Muros são barreiras físicas e morais. Sempre. Nenhum muro foi levantado apenas para embelezar. Não há beleza em muros. Muros em sua maioria são construídos para defesa. A verdade é que nascemos todos num planeta cheio de limitações, sujeito a uma cadeia alimentar. Para se sobreviver, nada melhor que estar no topo da cadeia. O ser humano conseguiu evoluir até o topo, mas mesmo entre a humanidade se pratica o canibalismo de várias formas, sendo a mais sutil, a eliminação de semelhantes de forma indireta pela privação da subsistência. A menos útil é a guerra. Uma e outra podem ser praticados entre nações, entre grupos étnicos e mesmo entre familiares. 

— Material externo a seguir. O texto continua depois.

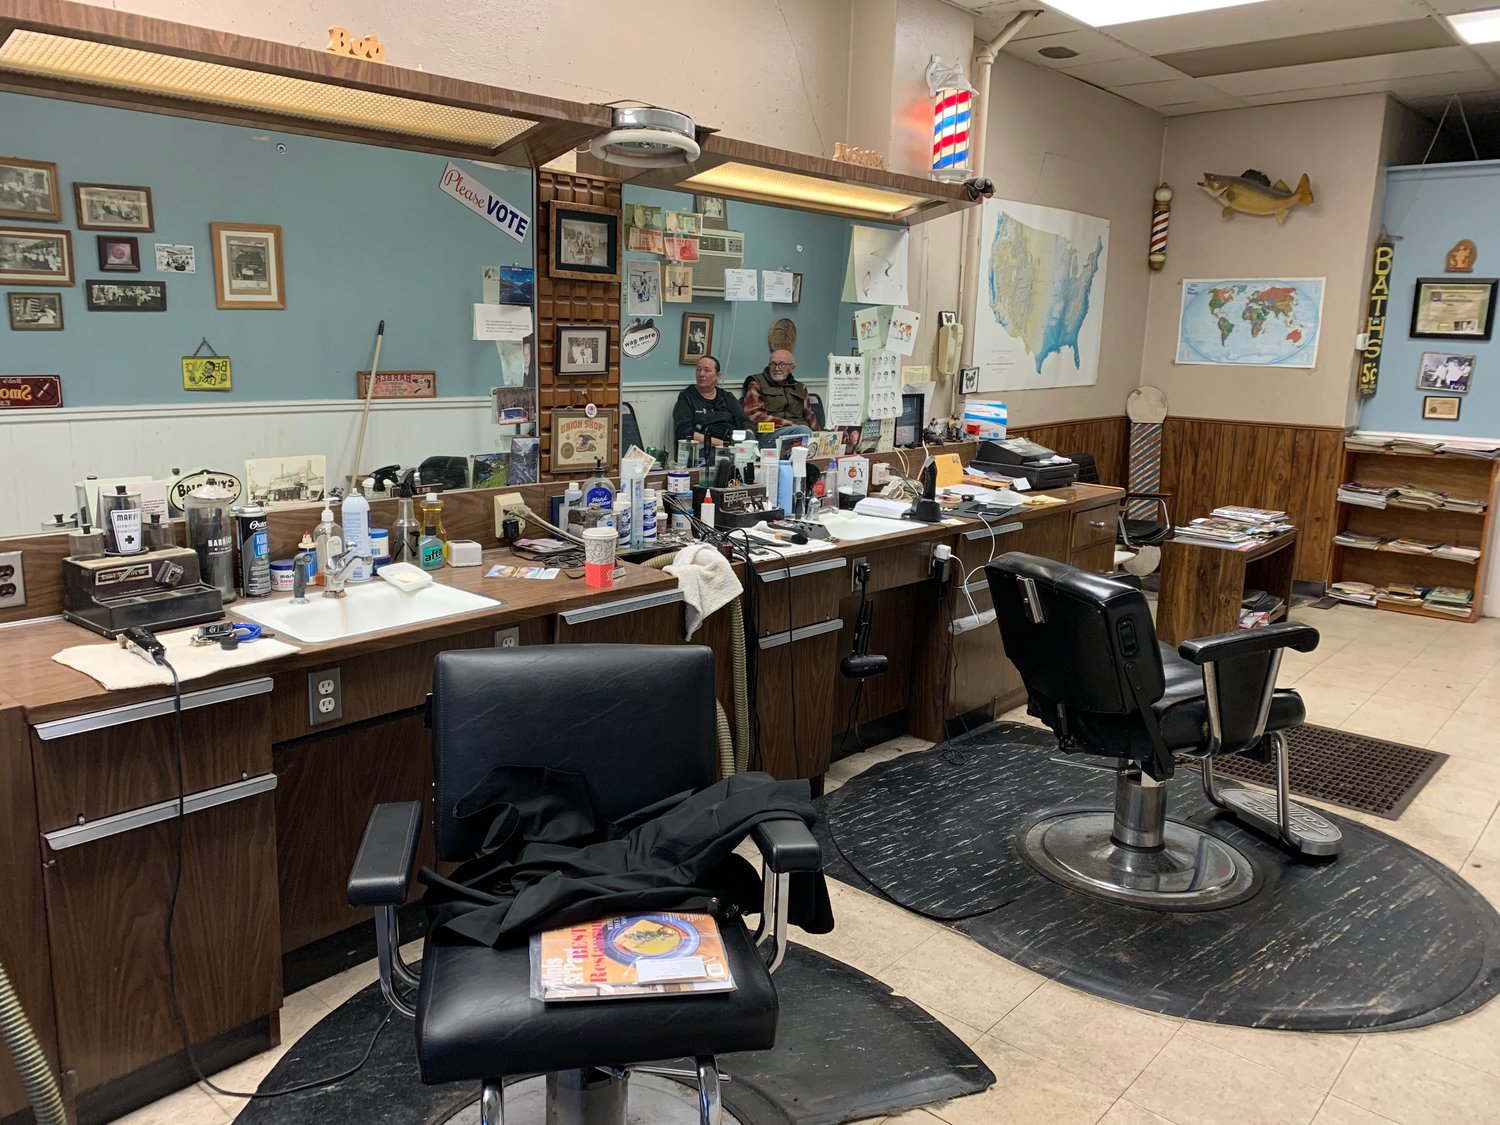 Barbers Bob Ohnstad and daughter Kristin Ohnstad are reflected in the mirror of the barbershop they’ve operated since 1993.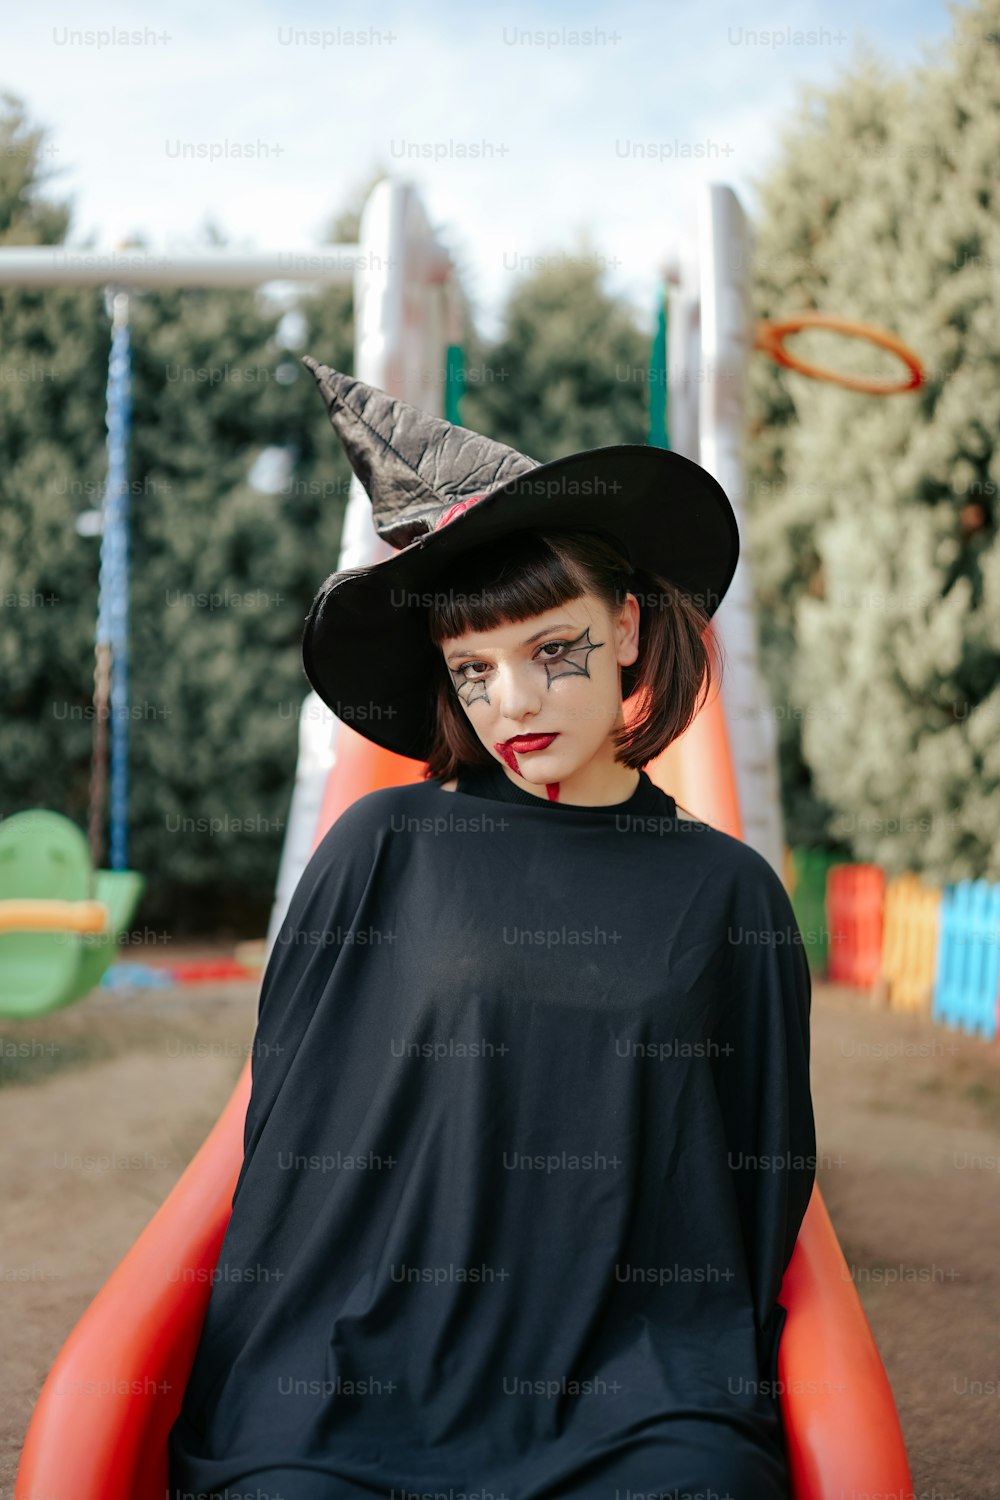 a woman in a witches costume sitting in a playground

Cheguei a conhecer alguns judeus com número impresso no braço. E nasci cerca de um mês depois que a guerra terminou. Os muros dos guetos de Varsóvia e de outros foram demolidos, mas o de Berlim foi construído depois do de Varsóvia(e derrubado) pelos que haviam antes derrubado muros de guetos. Alguns outros ainda estão de pé, como em cidades amuralhadas da Europa por motivos turísticos. O que impressiona, e muito, é como os princípios morais, que embasam o comportamento da humanidade, ou a sua falta de compostura, se alteram de forma tão oposta, dependendo de que lado se está... Judeus construíram muros na faixa de Gaza, americanos construíram-nos na fronteira com o México, nossas cidades estão cheias de muros que dividem condomínios do resto das casas do bairro, mas esses se veem. As sutilezas da convivência que nos separam, essas não

Mas paradoxalmente, o problema não está na construção dos muros, mas o que significam e o que se oculta em sua construção. Visto por um turista, o muro pode ser uma separação porque uns são muito bonzinhos e os outros ruins, ou uns gostam de trabalhar e ganham mais, e outros nem tanto. Se o turista for socialista, dirá que de dentro do muro são de extrema-direita, burgueses ou capitalistas, esquecendo que quem está dentro deles também são socialistas, como na China a qualquer tempo, na ex-URSS e Russia. O povo mais igual do mundo é o cubano. Não existe riqueza para dividir porque todos são pobres exceto os "homens" do governo que têm regalias. Na Índia de fantástica meditação e espiritualidade, quem nasce pária, pária morrerá, sem a minima chance de virar capitalista ou sequer socialista. Fiéis muçulmanos dos que vão a Meca pelo menos uma vez na vida, cortam pescoços de gente inocente sem julgamento imparcial, e se formos falar em outros fiéis de outras religiões, todos construímos muros de algum tipo entre nações, etnias, cidades, lares. O problema principal continuam sendo os entardeceres do tempo das crises, quando se desperta, olhamos ao redor, e constatamos que somos muitos para espaço tão apertado que não dá pra todos. Em tempos de vacas gordas a humanidade cresce muito. Em tempos de vacas magras, Anacreonte devora os próprios filhos, Brutus matou o pai. Deveria haver um Yom Kipur para toda a humanidade, o dia do perdão universal.